Given data -
┌────────

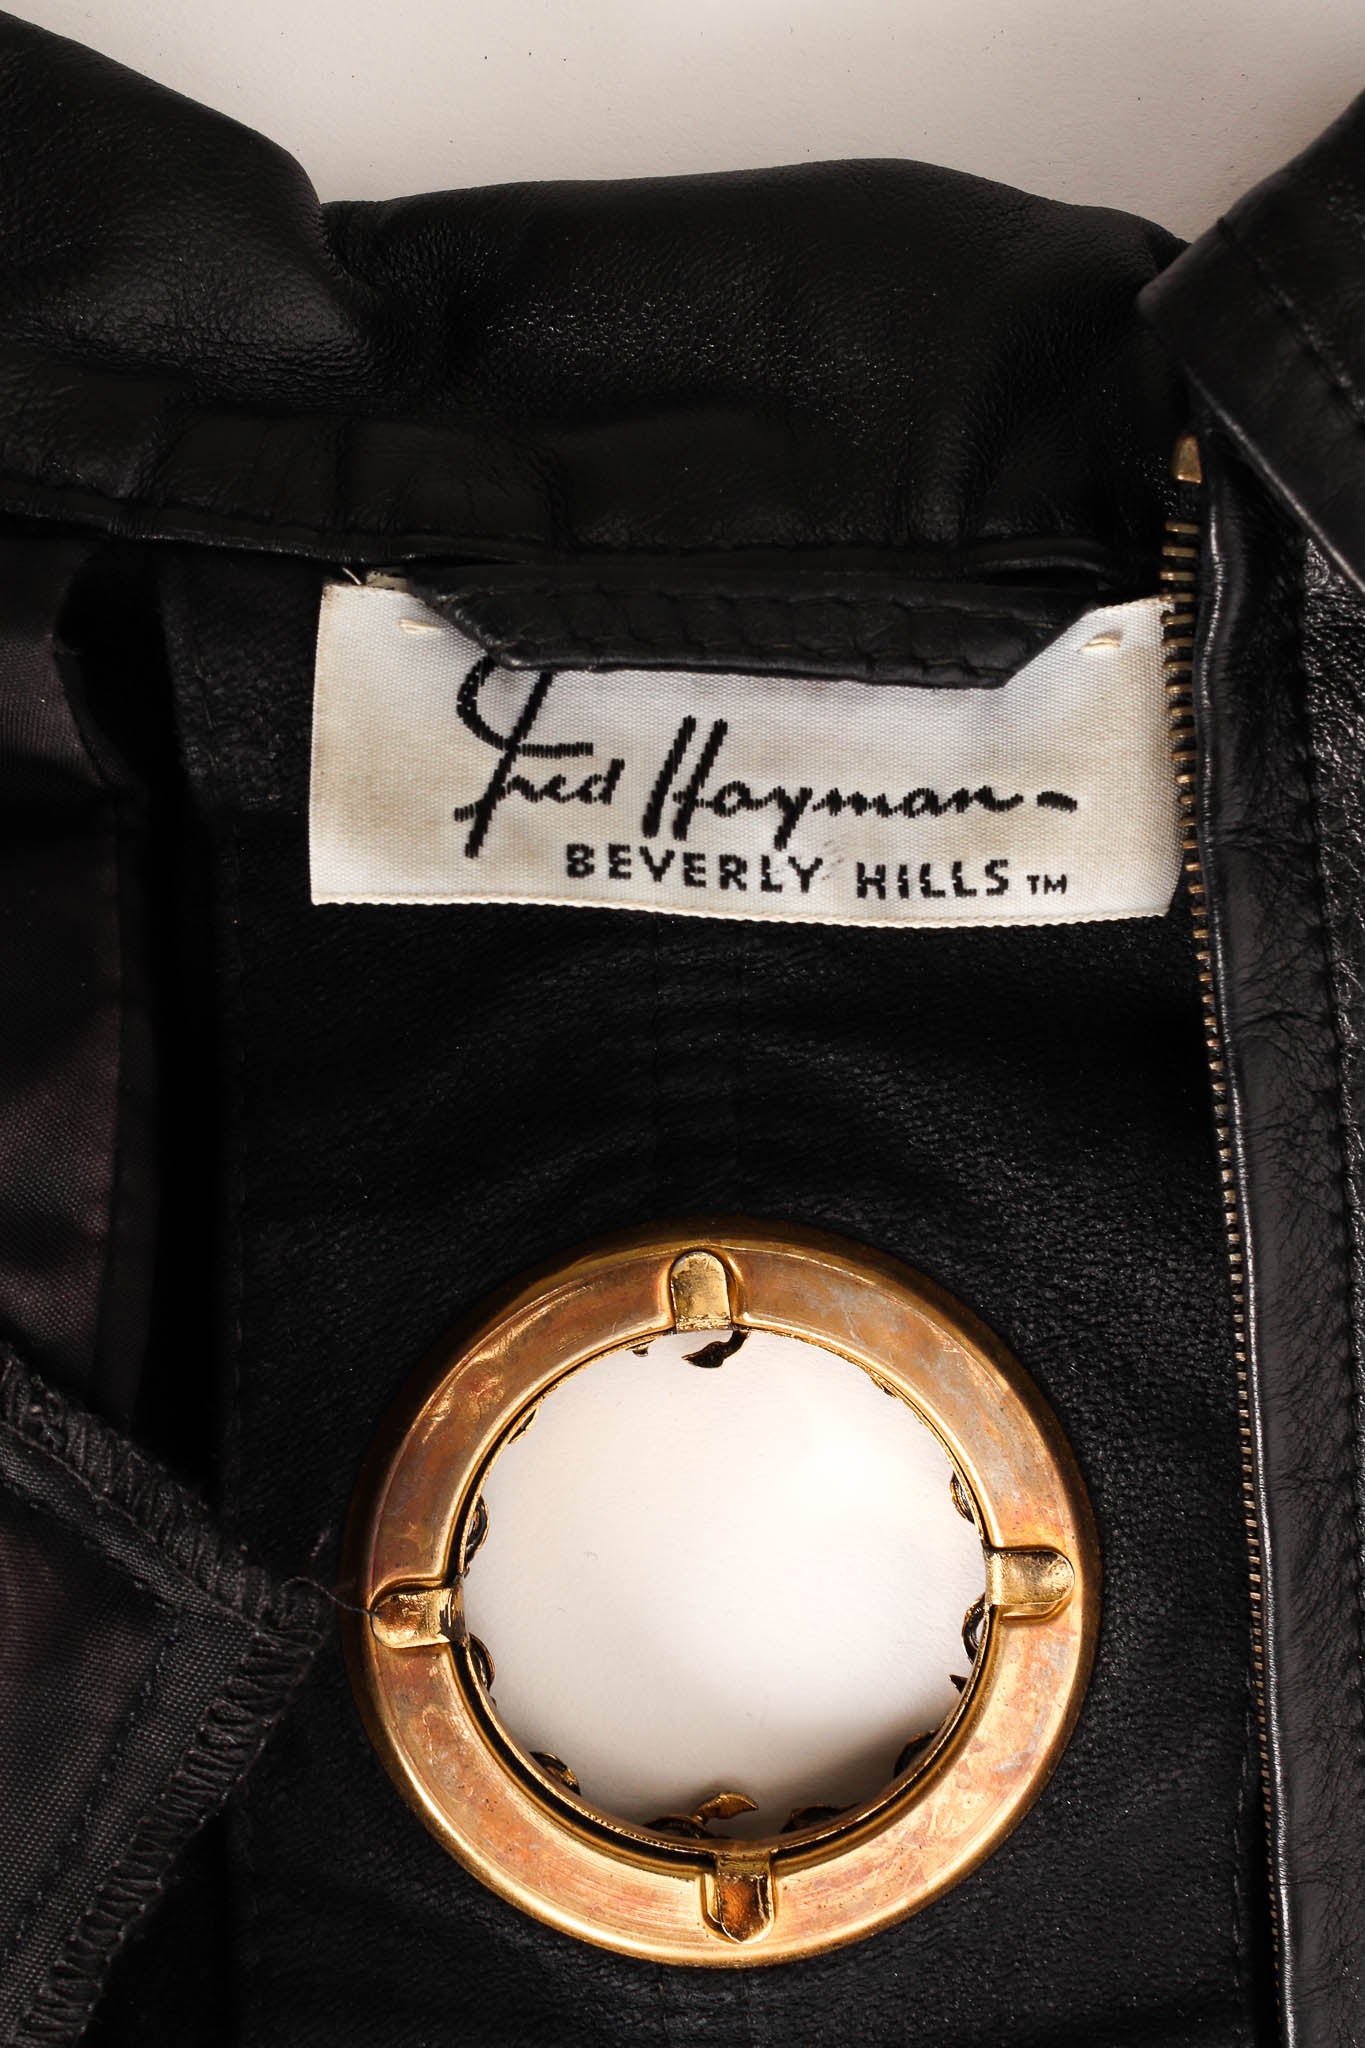 Vintage Gianfranco Ferre Eyelet Leather Top & Skirt Set label @ Recess LA
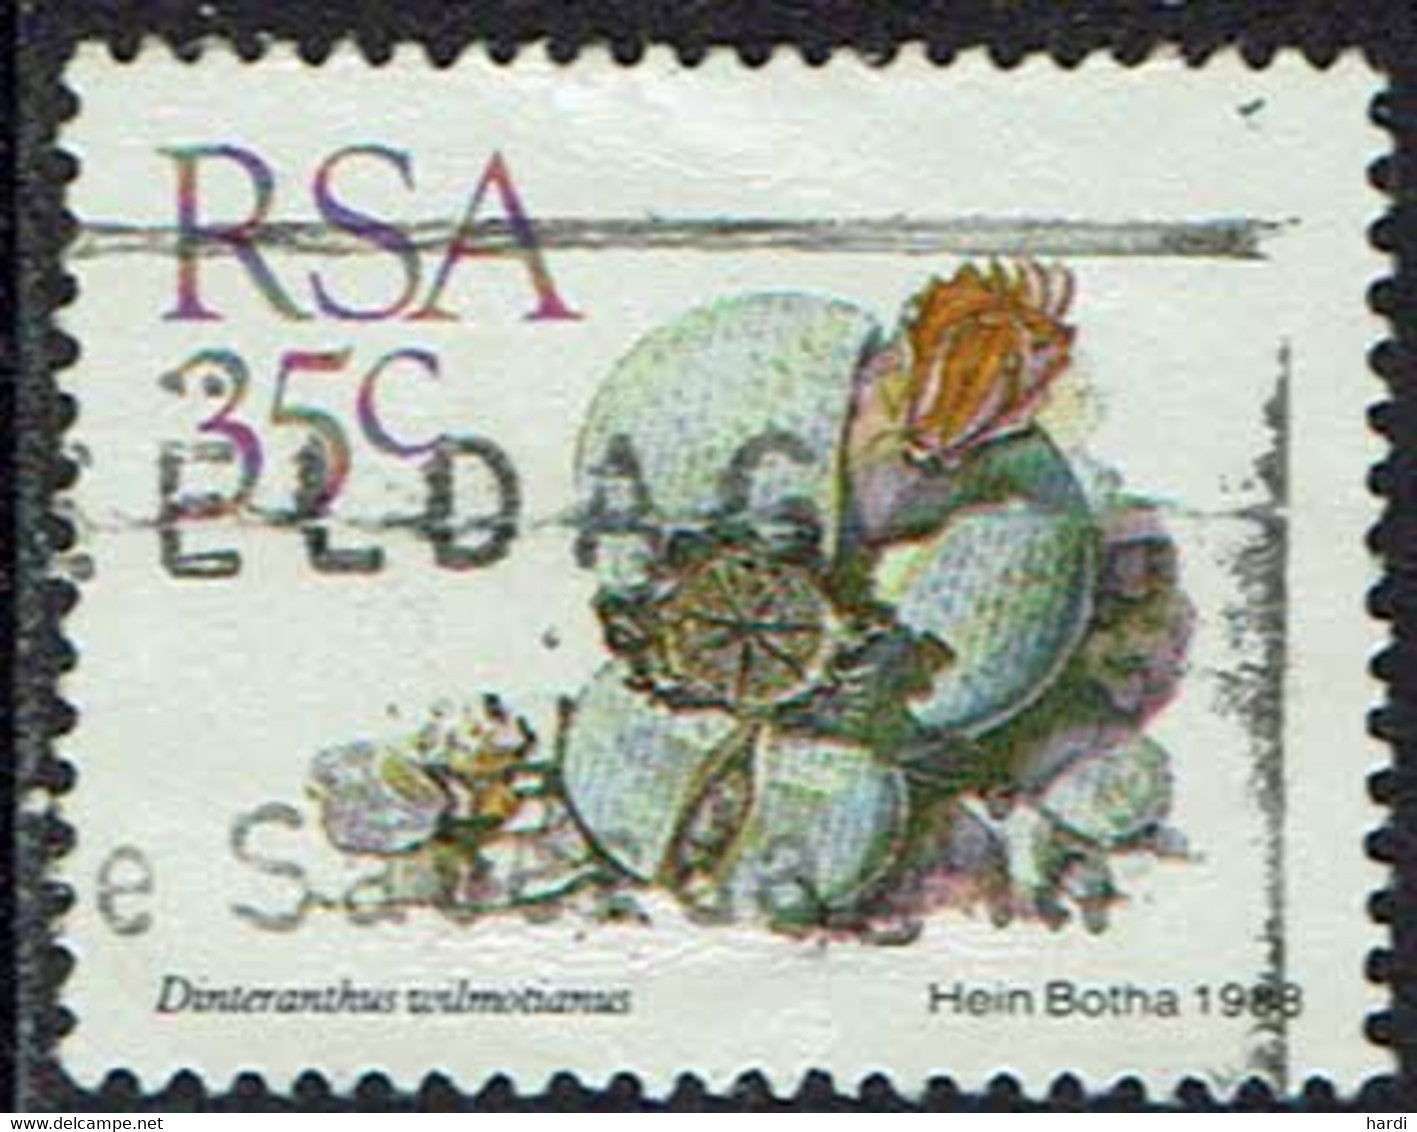 Südafrika 1988, MiNr 752, Gestempelt - Used Stamps
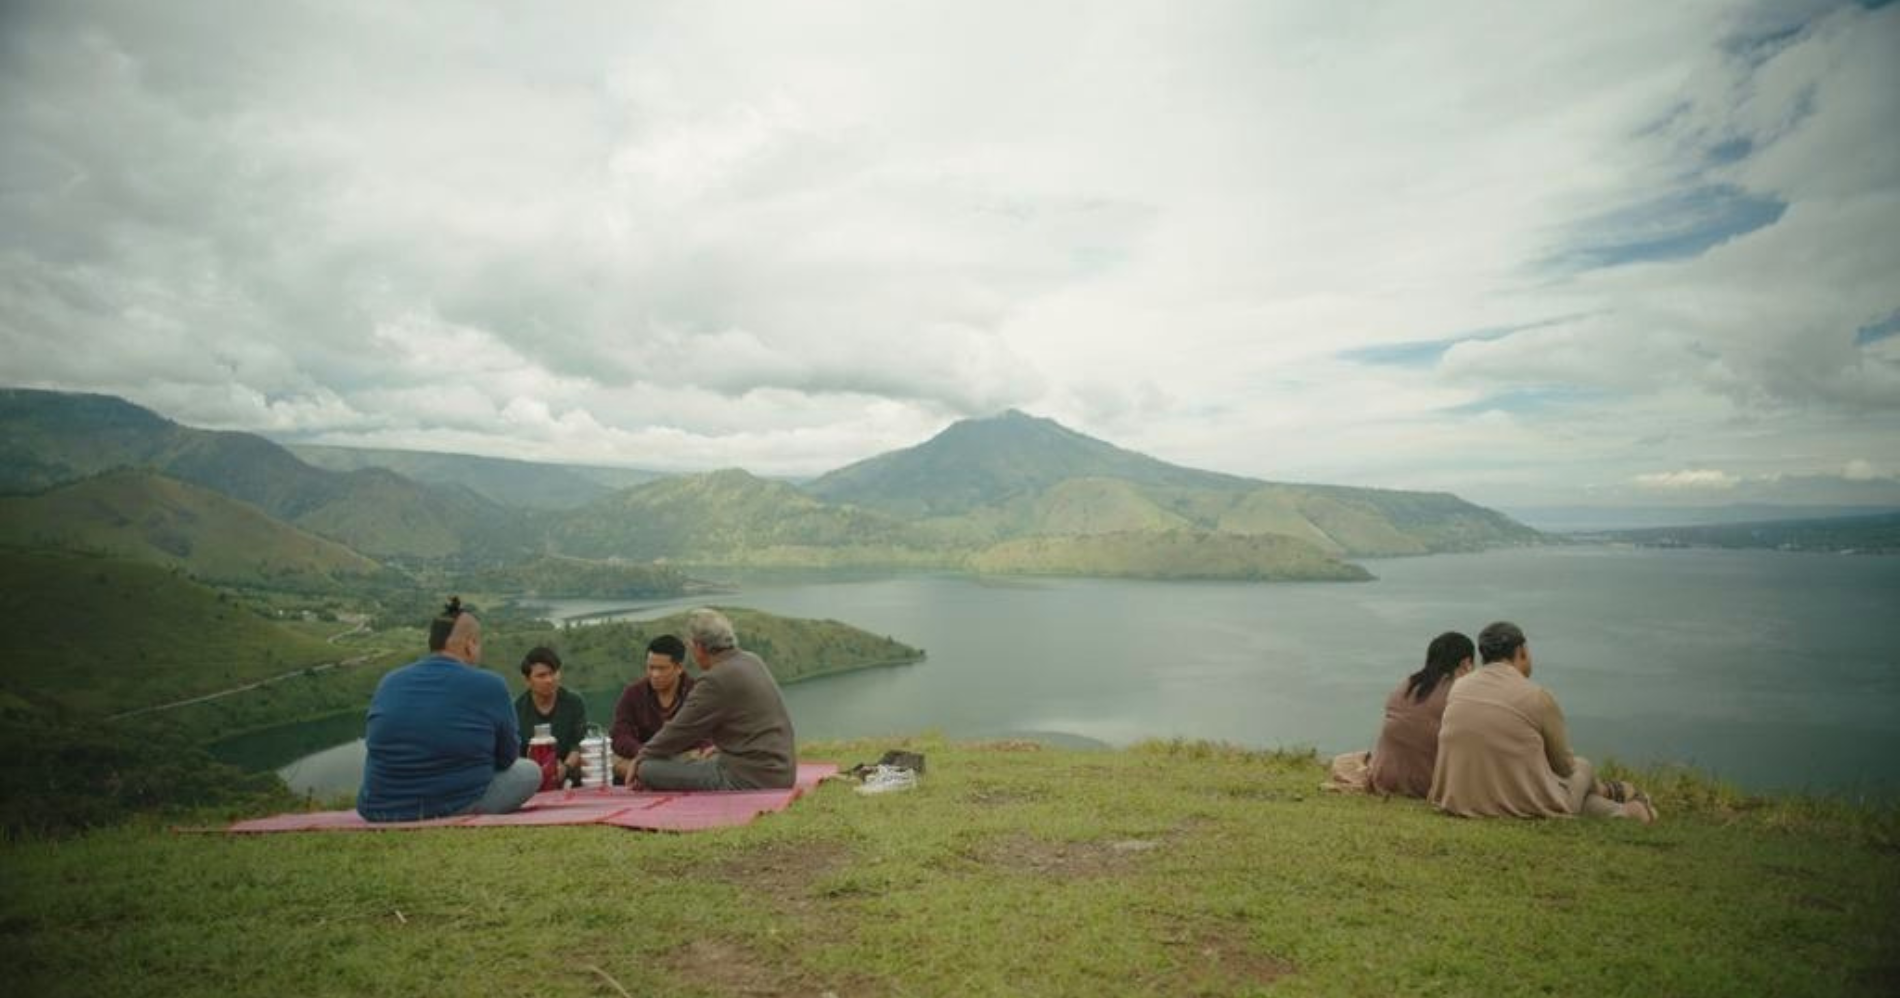 Adegan di tepi Danau Toba. (Sumber gambar: Trailer Film Ngeri-Ngeri Sedap)
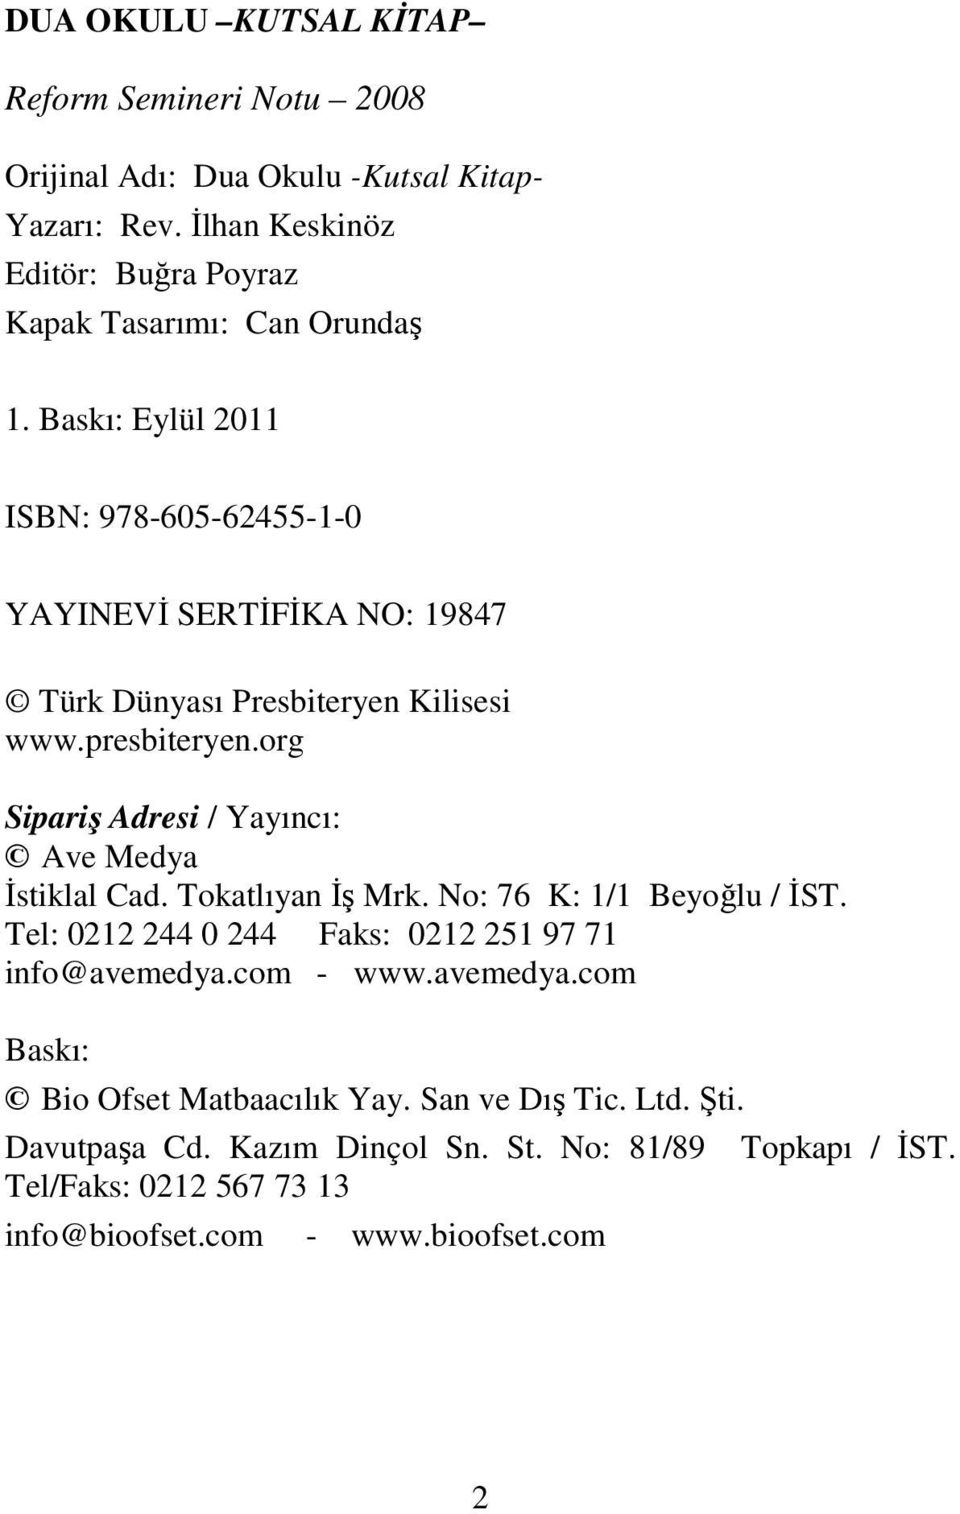 Baskı: Eylül 2011 ISBN: 978-605-62455-1-0 YAYINEVİ SERTİFİKA NO: 19847 Türk Dünyası Presbiteryen Kilisesi www.presbiteryen.

└────────

Problem statement - Exact copy, no images: rewrite the entire listing above.

Solution to the exercise -
 Vintage Gianfranco Ferre Eyelet Leather Top & Skirt Set label @ Recess LA
 Südafrika 1988, MiNr 752, Gestempelt - Used Stamps
 Adegan di tepi Danau Toba. (Sumber gambar: Trailer Film Ngeri-Ngeri Sedap)
 Baskı: Eylül 2011 ISBN: 978-605-62455-1-0 YAYINEVİ SERTİFİKA NO: 19847 Türk Dünyası Presbiteryen Kilisesi www.presbiteryen.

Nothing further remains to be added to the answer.